No dia 10 de fevereiro de 1965, às 17 horas, um telegrama do marechal Humberto de Alencar Castello Branco, então presidente da República, imposto pelo golpe militar que ocorrera um ano antes, comunicava, formalmente, sem qualquer explicação ou justificativa para um ato tão brutal, próprio de um regime de exceção, que as linhas da Panair, então a maior companhia aérea brasileira, estavam canceladas. Ou seja, a partir daquele dia, seus aviões não decolariam para nenhum destino, no Brasil ou para o exterior, onde mantinha as mais importantes linhas (enquanto isso acontecia, os passageiros de um vôo para Paris faziam o checkin no Aeroporto do Galeão).

Agora, que o país inteiro assiste a agonia da Varig, um livro lançado pela editora Record, uma das mais importantes do Brasil, causa efervescência porque revela os bastidores das companhias aéreas com os governos e da influência do lobby político, o que explica o fato de algumas serem beneficiadas e outras não.

O escritor responsável por toda essa polêmica tem 22 anos, formado em jornalismo, que desde criança devorava convulsivamente todos jornais, revistas, qualquer texto sobre crise nas companhias de aviação, nacionais e estrangeiras, sem poupar sequer seus balanços. Ao longo de muitos anos detevese vasculhando os arquivos do processo de aterrisagem forçada que levou a Panair, há 41 anos, a sumir. Vivendo em São Paulo, Daniel Leb Sasaki, o autor de "Pouso Forçado: A História por Trás da Destruição da Panair do Brasil pelo Regime Militar" concedeu esta entrevista quando muitos apostavam que a Varig teria o mesmo destino da Panair.
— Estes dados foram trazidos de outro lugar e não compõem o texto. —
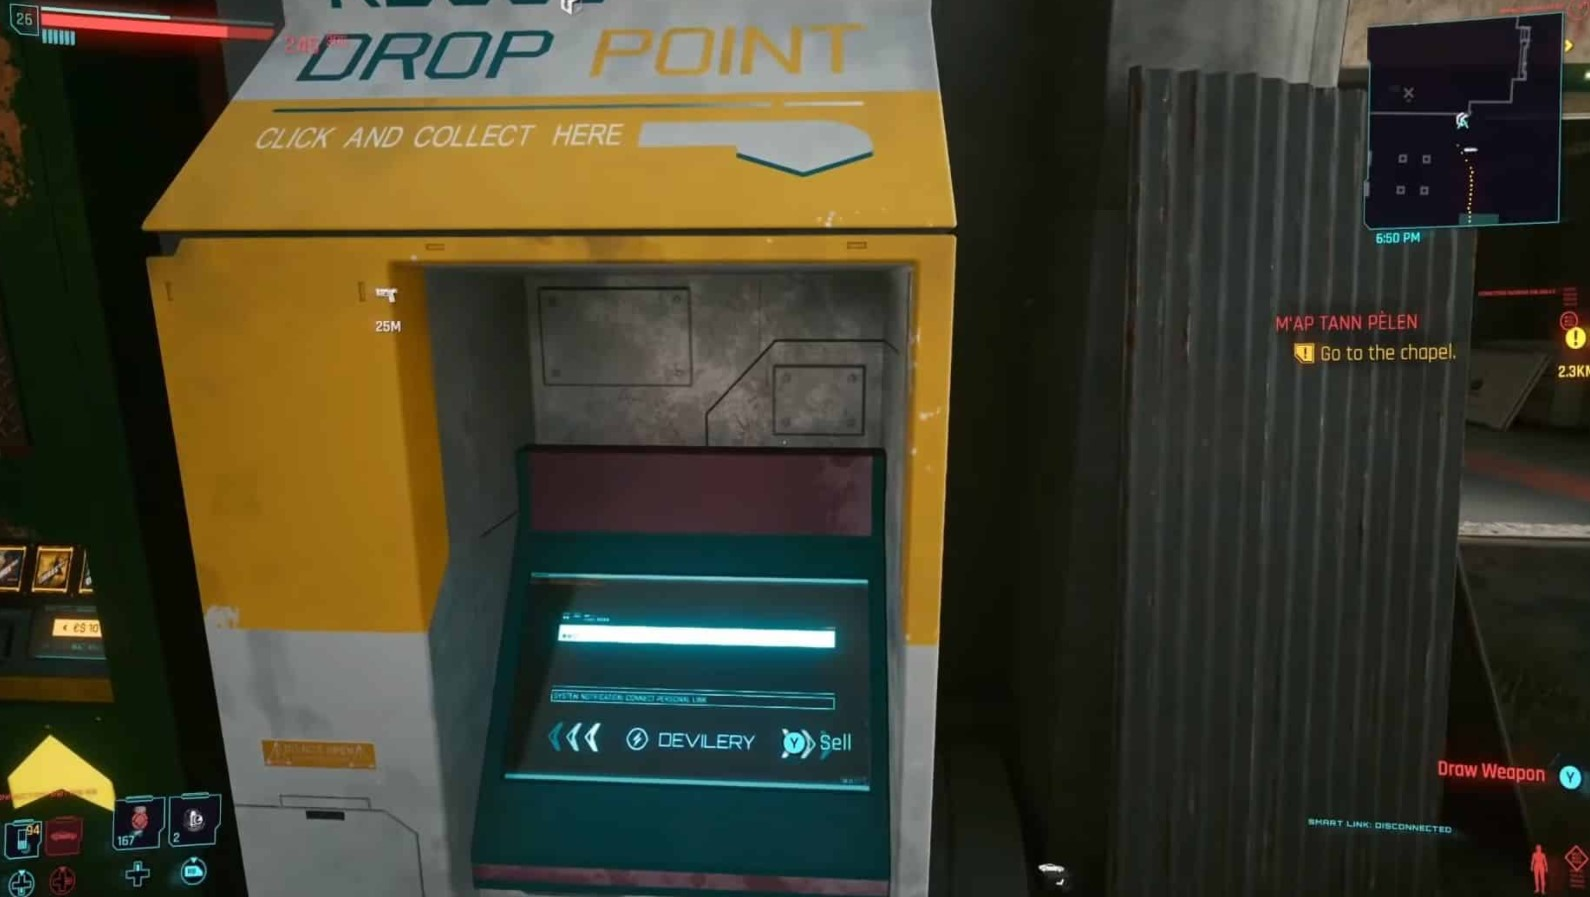 Un glitch permite conseguir dinero infinito en Cyberpunk 2077
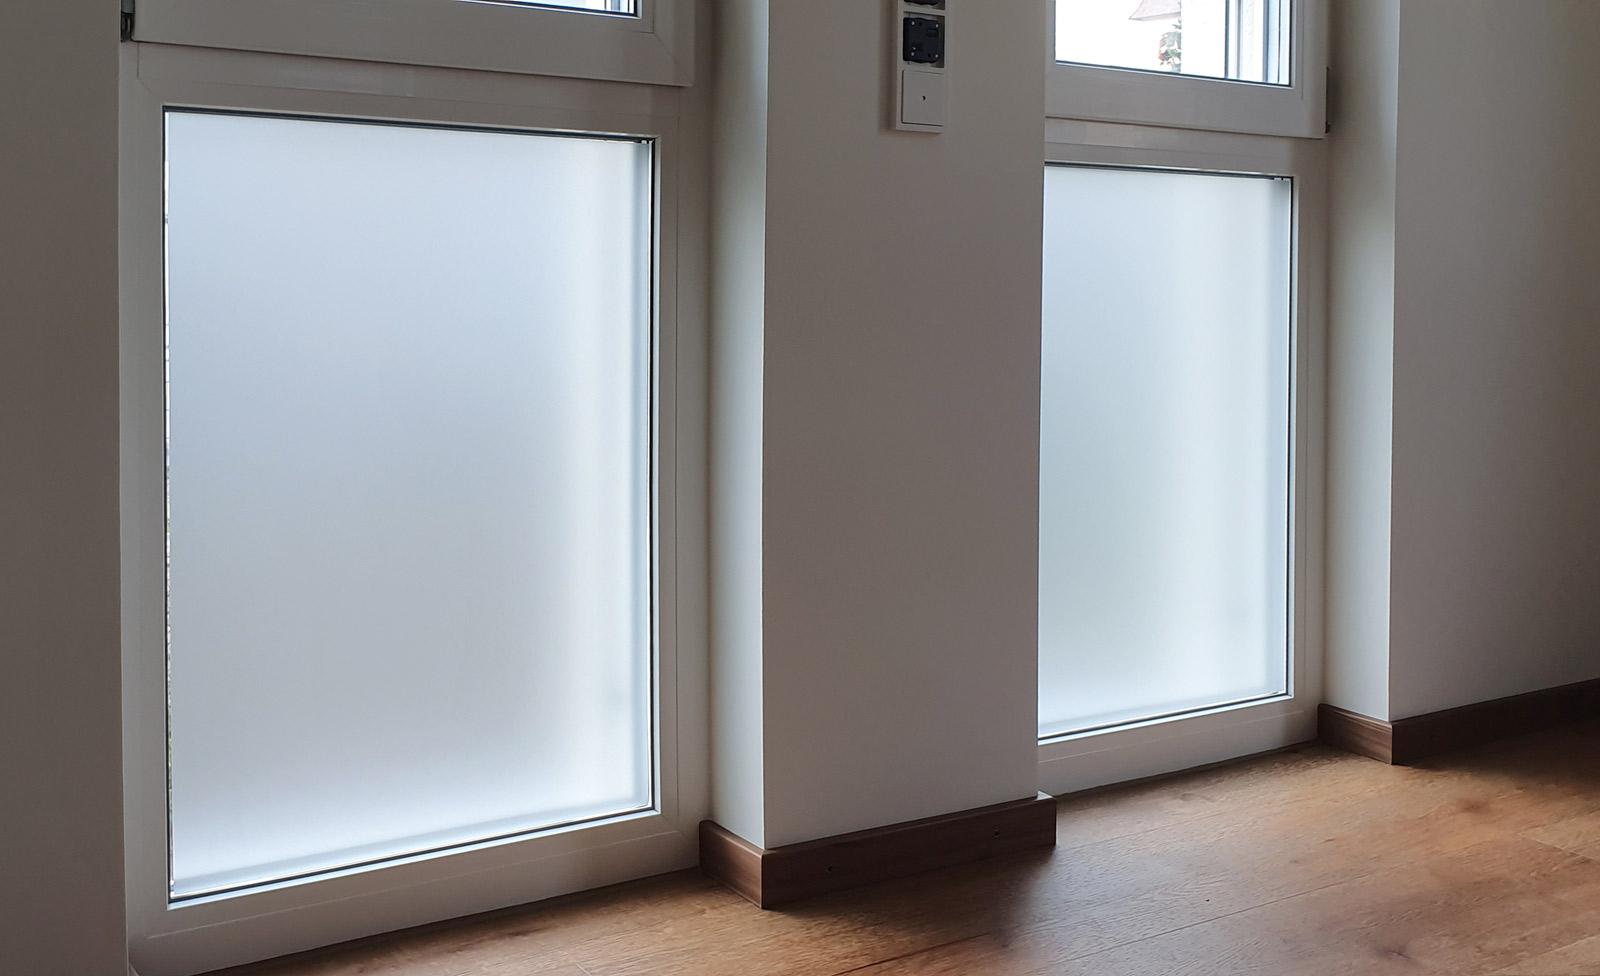 Zwei Fenster mit einer vollflächigen Sichtschutzfolierung aus Milchglasfolie

Ele conta, com detalhes, o que acontece nos bastidores das empresas de aviação.

Apertem o cinto e leiam!

APERTEM O CINTO

Marcone Formiga Qual a semelhança entre a Panair e a Varig? A Varig é a Panair de ontem?
Daniel Leb Sasaki Eu acho que não. A associação pode ser feita pelo fato de as duas suas serem empresas de bandeira brasileira. A única relação existente é essa. No caso da Panair, não houve um processo longo, de preparo da população e da imprensa, como o que vem acontecendo com a Varig. Todo mundo espera o melhor para ela, mas, caso feche, não será aquela surpresa como foi com a Panair, que fechou de forma súbita...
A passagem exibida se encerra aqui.